$$ q = 1 - \frac{\sum\limits_{h = 1}^{L}N_h\sigma_h^2}{N\sigma^2} = 1 - \frac{\sum\limits_{h = 1}^{L}\sum\limits_{i = 1}^{N_h}\left({y_{hi} - \overline{y}_h}^2\right)}{\sum\limits_{i = 1}^{N} \left({y_i - \overline{y}}^2\right)} $$
Consider a linear regression model where the response variable y depends on k dummy variables D1, D2, …, Dk. Each dummy variable Dj indicates membership in a particular category or group, taking the value 1 if an observation belongs to category j and 0 otherwise. The model is expressed as:
yi = β0 + β1Di1 + β2Di2 + ⋯ + βkDik + ϵi
where: yi is the response variable for the i-th observation, β0 is the intercept term, βj is the coefficient associated with dummy variable Dj, Dij is the value of dummy variable Dj for the i-th observation, which is 1 if the i-th observation belongs to category j and 0 otherwise, ϵi is the error term.
Each observation belongs to exactly one of the categories represented
by the dummy variables. If the i-th observation belongs to category
j, then Dij = 1
and all other dummy variables are 0
for that observation.
Thus, the regression equation for observation i belonging to category j simplifies to:
yi = β0 + βj + ϵi
This equation holds for all observations i that belong to category j.

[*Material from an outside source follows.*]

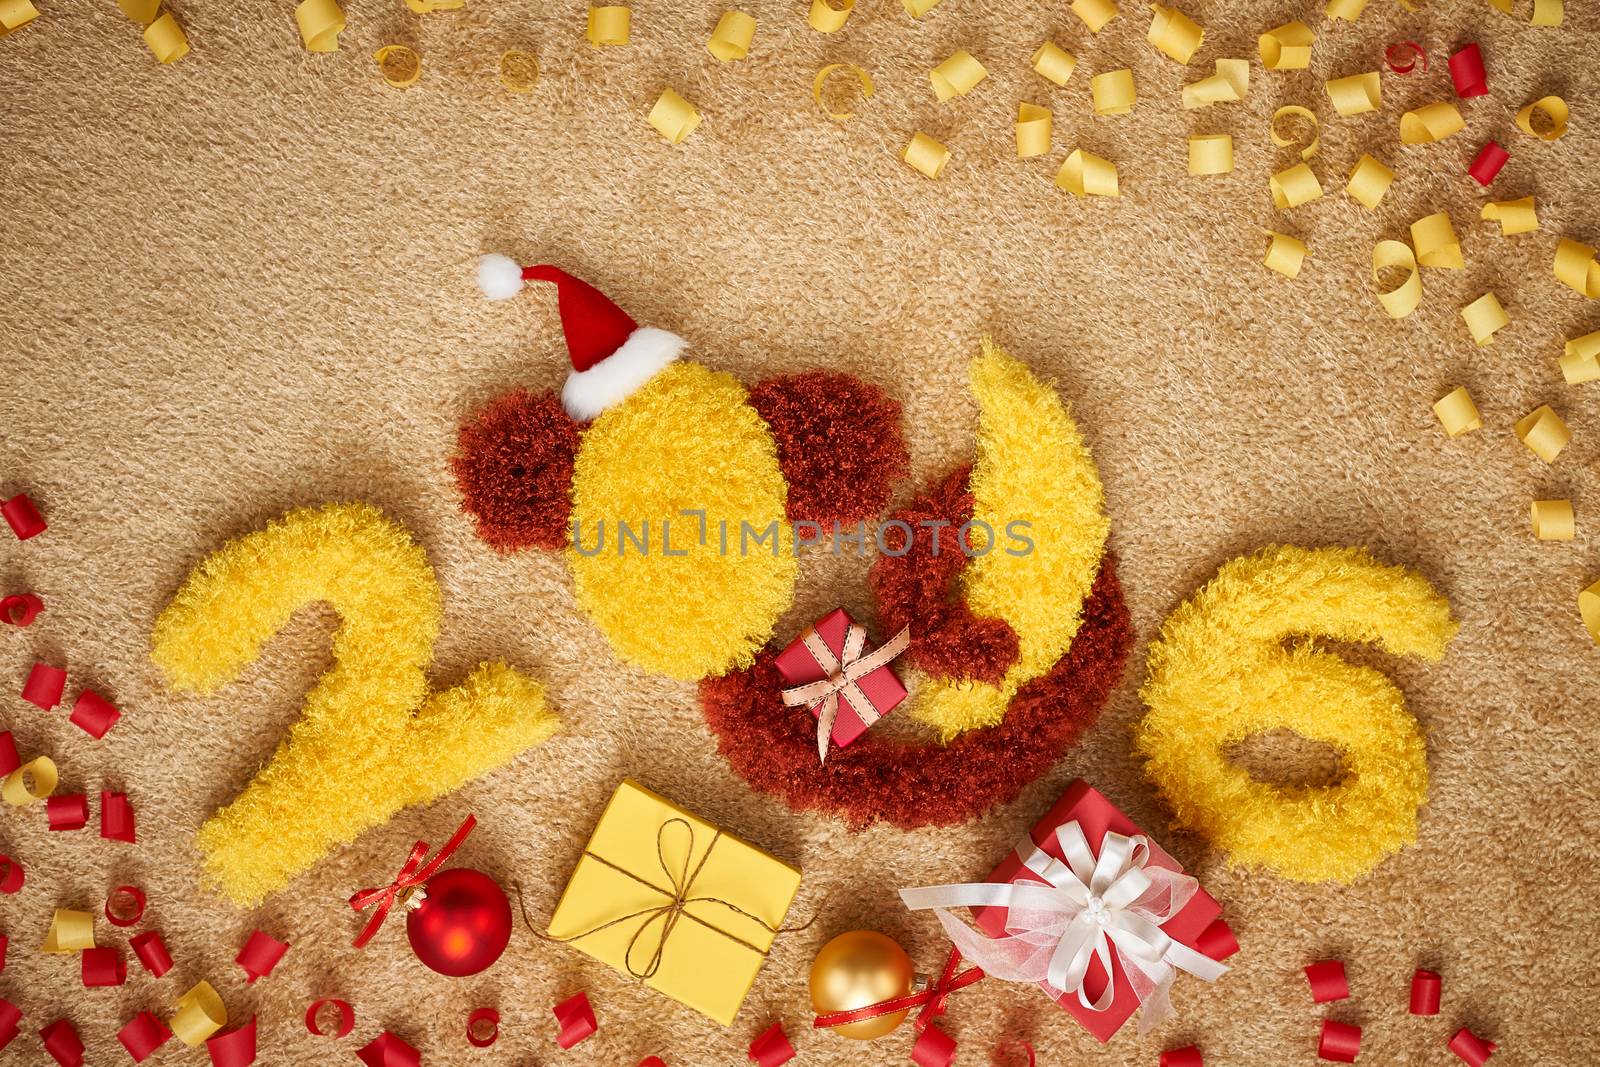 New Year 2016. Christmas.Funny monkey in Santa hat with banana,presents,serpentine. Happy vivid festive still life.Yellow digits handmade. Party decoration, gift box, unusual holiday card, copyspace

The predicted value ŷj for an
observation in category j is
the expected value of yi, given that
Dij = 1
and the other dummy variables are 0
. Since the error term
ϵi has an
expected value of 0, the predicted value for category j is:
ŷj = 𝔼(yi|Dij = 1) = β0 + βj
In linear regression, the coefficients β0, β1, …, βk are estimated using the Ordinary Least Squares (OLS) method, which minimizes the sum of squared residuals:
$$ \text{Minimize } \sum_{i=1}^n (y_i - \widehat{y}_i)^2 $$
The OLS solution leads to the estimate of βj for each dummy variable such that the predicted value ŷj = β0 + βj represents the mean value of yi for all observations in category j. Specifically, OLS ensures that:
$$ \widehat{y}_j = \frac{1}{N_j} \sum_{i: D_{ij} = 1} y_i = \bar{y}_j $$
where Nj is the number of observations in category j, and ȳj is the mean response for category j.
$$ q = 1 - \frac{\sum\limits_{h = 1}^{L}N_h\sigma_h^2}{N\sigma^2} = 1 - \frac{\sum\limits_{h = 1}^{L}\sum\limits_{i = 1}^{N_h}\left({y_{hi} - \overline{y}_h}^2\right)}{\sum\limits_{i = 1}^{N} \left({y_i - \overline{y}}^2\right)} = \frac{\sum\limits_{i = 1}^{N}\left({y_i - \widehat{y}_i}^2\right)}{\sum\limits_{i = 1}^{N}\left({y_i - \overline{y}}^2\right)} = R^2 $$
library(sf)
## Linking to GEOS 3.12.1, GDAL 3.8.4, PROJ 9.3.1; sf_use_s2() is TRUE
library(sesp)
library(gdverse)
NTDs = sf::st_as_sf(gdverse::NTDs, coords = c('X','Y'))
system.time({
go1 = sesp(incidence ~ ., data = NTDs, discvar = 'none',
model = 'ols', overlay = 'intersection')
})
## user system elapsed
## 0.22 0.03 0.65
system.time({
go2 = gd(incidence ~ ., data = NTDs,
type = c('factor','interaction'))
})
## user system elapsed
## 0.04 0.00 0.08
go1$factor
## # A tibble: 3 × 5
## Variable Qvalue AIC BIC LogLik
## <chr> <dbl> <dbl> <dbl> <dbl>
## 1 watershed 0.638 -10.0 -10.0 15.0
## 2 elevation 0.607 1.18 1.18 7.41
## 3 soiltype 0.386 79.7 79.7 -33.8
go2$factor
## # A tibble: 3 × 3
## variable `Q-statistic` `P-value`
## <chr> <dbl> <dbl>
## 1 watershed 0.638 0.000129
## 2 elevation 0.607 0.0434
## 3 soiltype 0.386 0.372
go1$interaction
## # A tibble: 3 × 7
## Variable Interaction Qv1 Qv2 Qv12 Variable1 Variable2
## <chr> <chr> <dbl> <dbl> <dbl> <chr> <chr>
## 1 watershed ∩ elevation Enhance, bi- 0.638 0.607 0.714 watershed elevation
## 2 watershed ∩ soiltype Enhance, bi- 0.638 0.386 0.736 watershed soiltype
## 3 elevation ∩ soiltype Enhance, bi- 0.607 0.386 0.664 elevation soiltype
go2$interaction
## # A tibble: 3 × 6
## variable1 variable2 Interaction `Variable1 Q-statistics` `Variable2 Q-statistics`
## <chr> <chr> <chr> <dbl> <dbl>
## 1 watershed elevation Enhance, bi- 0.638 0.607
## 2 watershed soiltype Enhance, bi- 0.638 0.386
## 3 elevation soiltype Enhance, bi- 0.607 0.386
## # ℹ 1 more variable: `Variable1 and Variable2 interact Q-statistics` <dbl>